* ACTIVITY: Print the lines in the listing below starting at the line with "On offer are" and ending at the line with "Their shape is", both included. Reproduce them exactly and omit every picture.

* DATA PROVIDED:
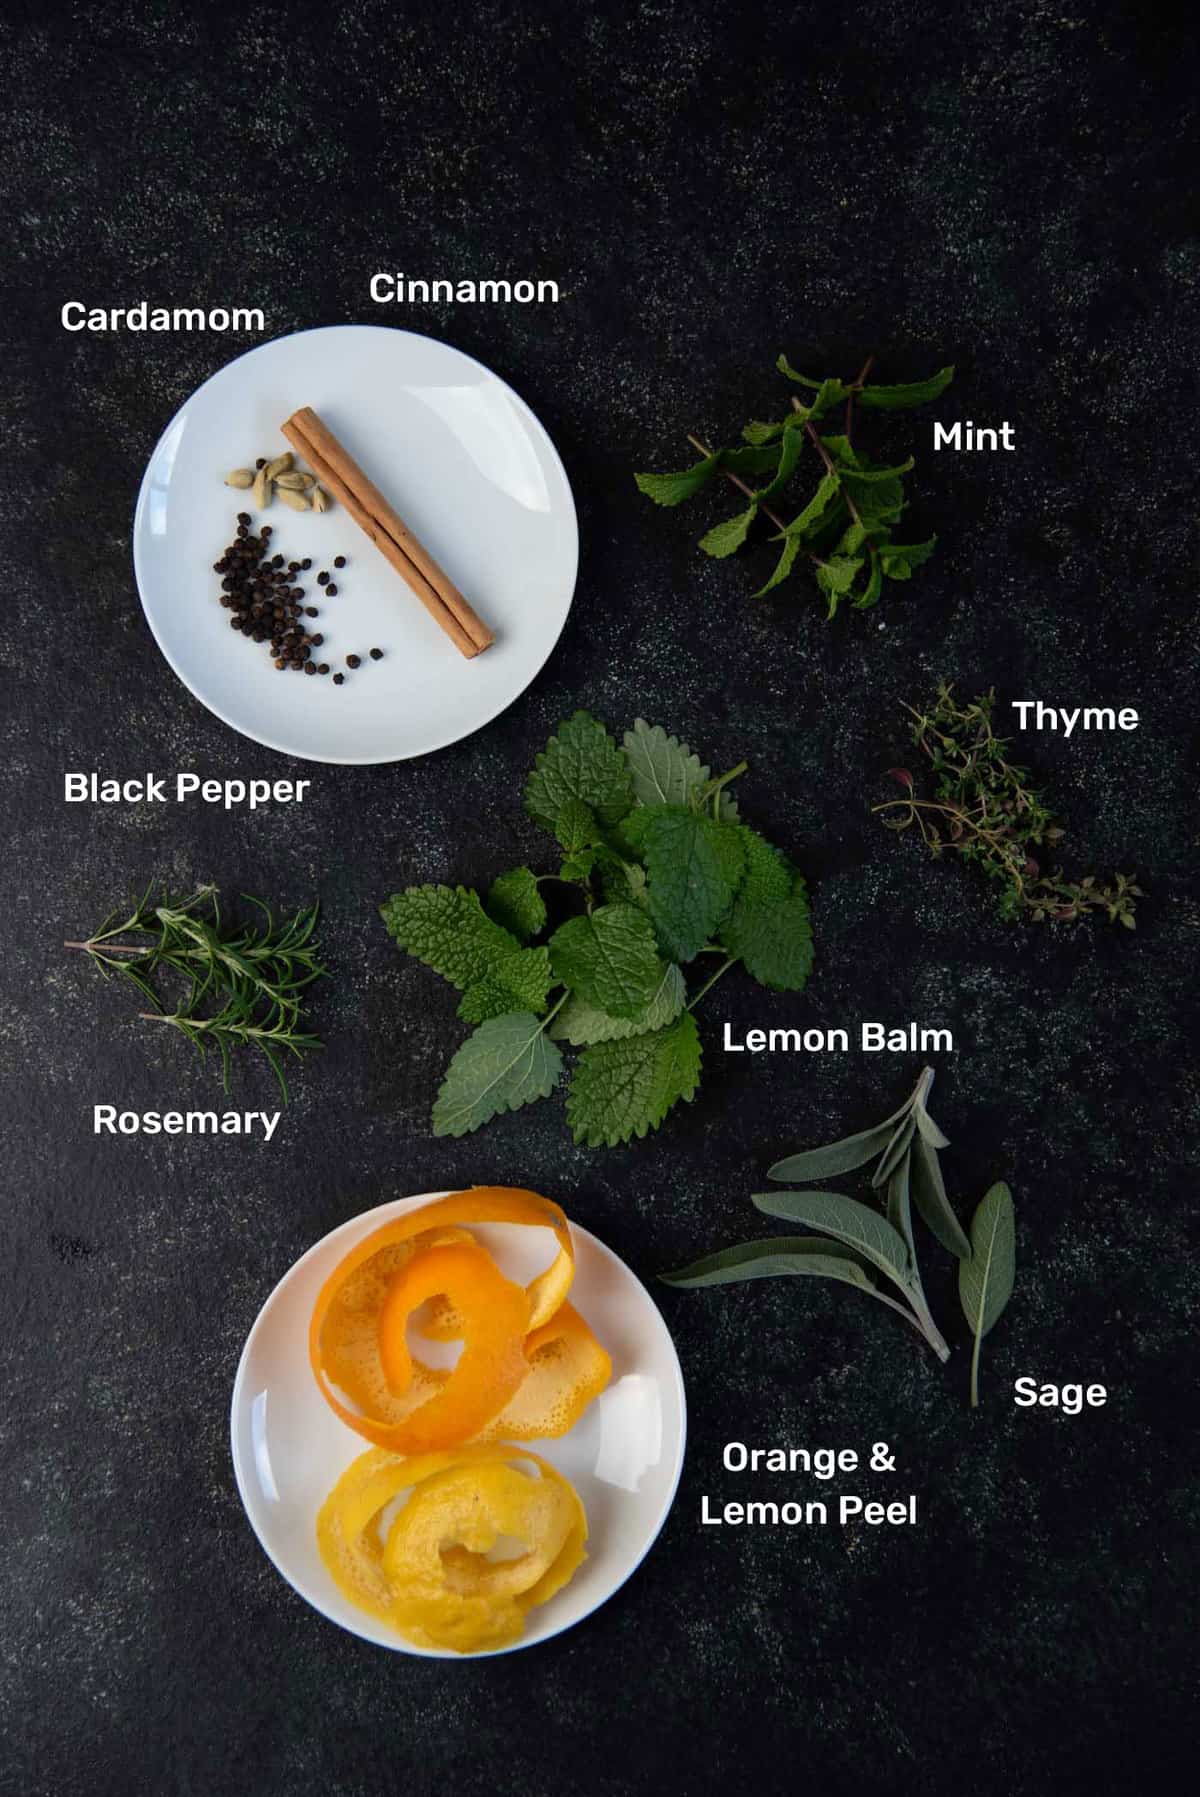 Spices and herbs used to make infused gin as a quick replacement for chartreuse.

--

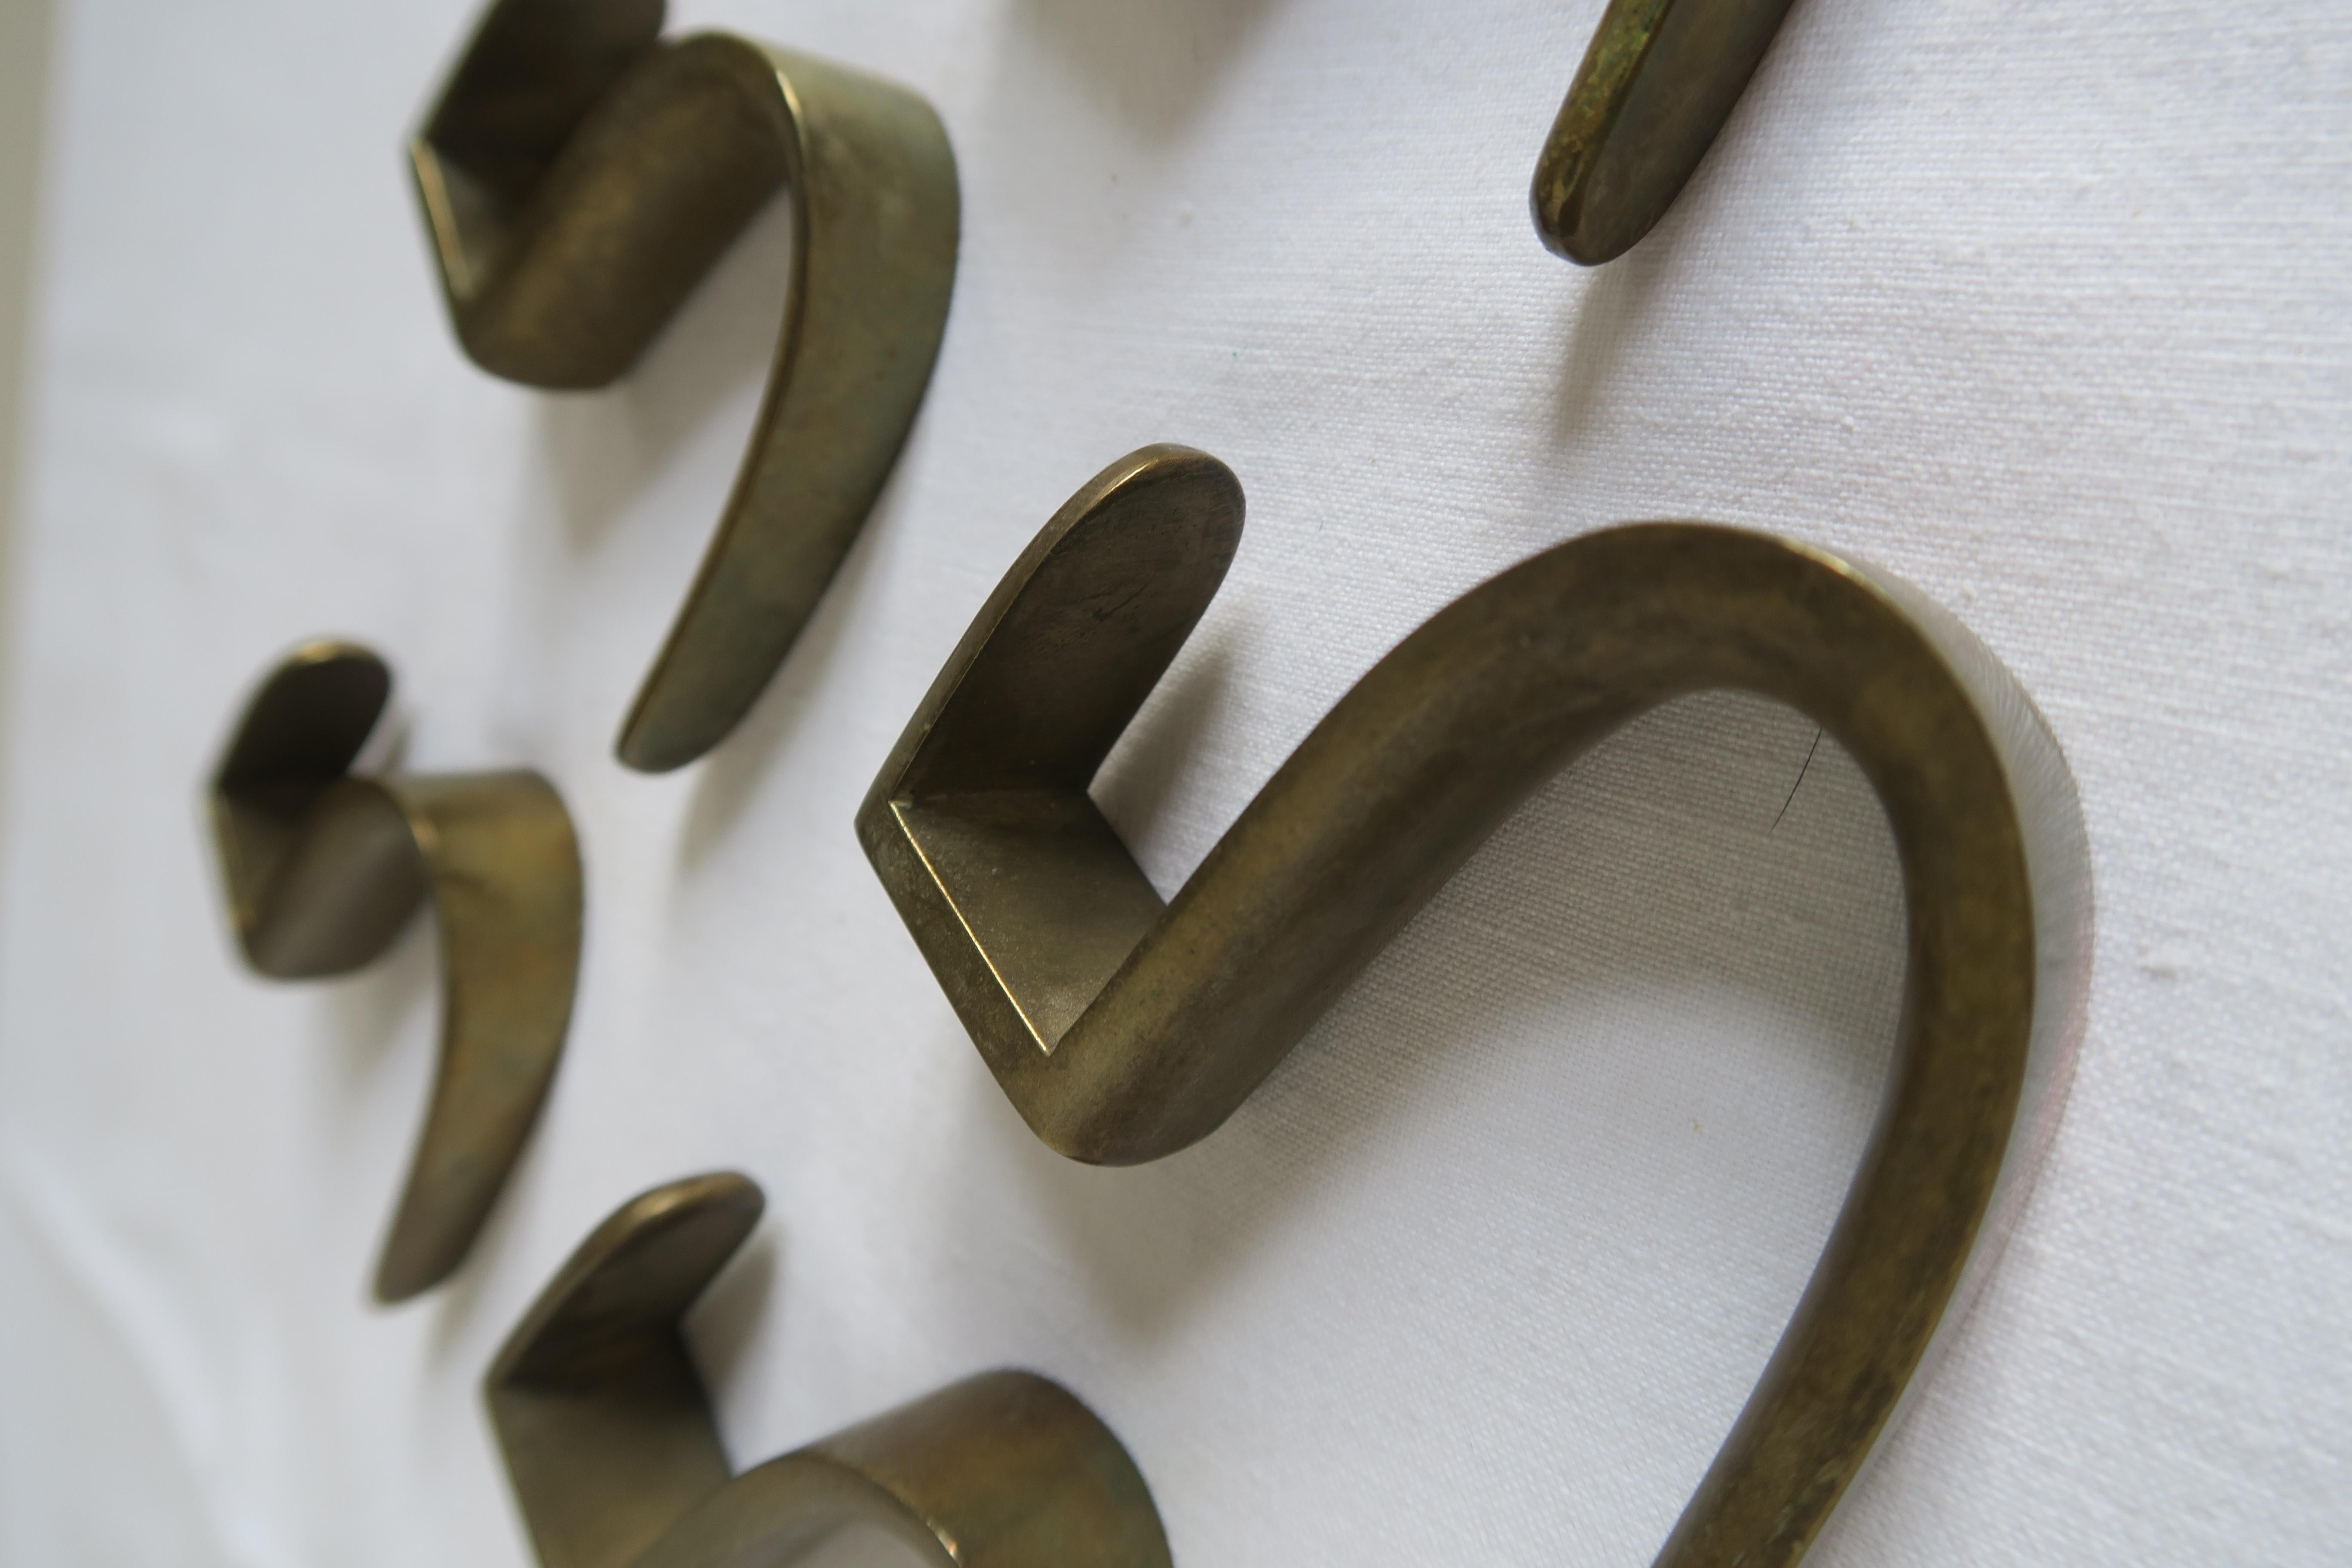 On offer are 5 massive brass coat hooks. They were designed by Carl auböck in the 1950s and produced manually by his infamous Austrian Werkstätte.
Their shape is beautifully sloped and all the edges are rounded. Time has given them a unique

* REPLY:
 On offer are 5 massive brass coat hooks. They were designed by Carl auböck in the 1950s and produced manually by his infamous Austrian Werkstätte.
Their shape is beautifully sloped and all the edges are rounded. Time has given them a unique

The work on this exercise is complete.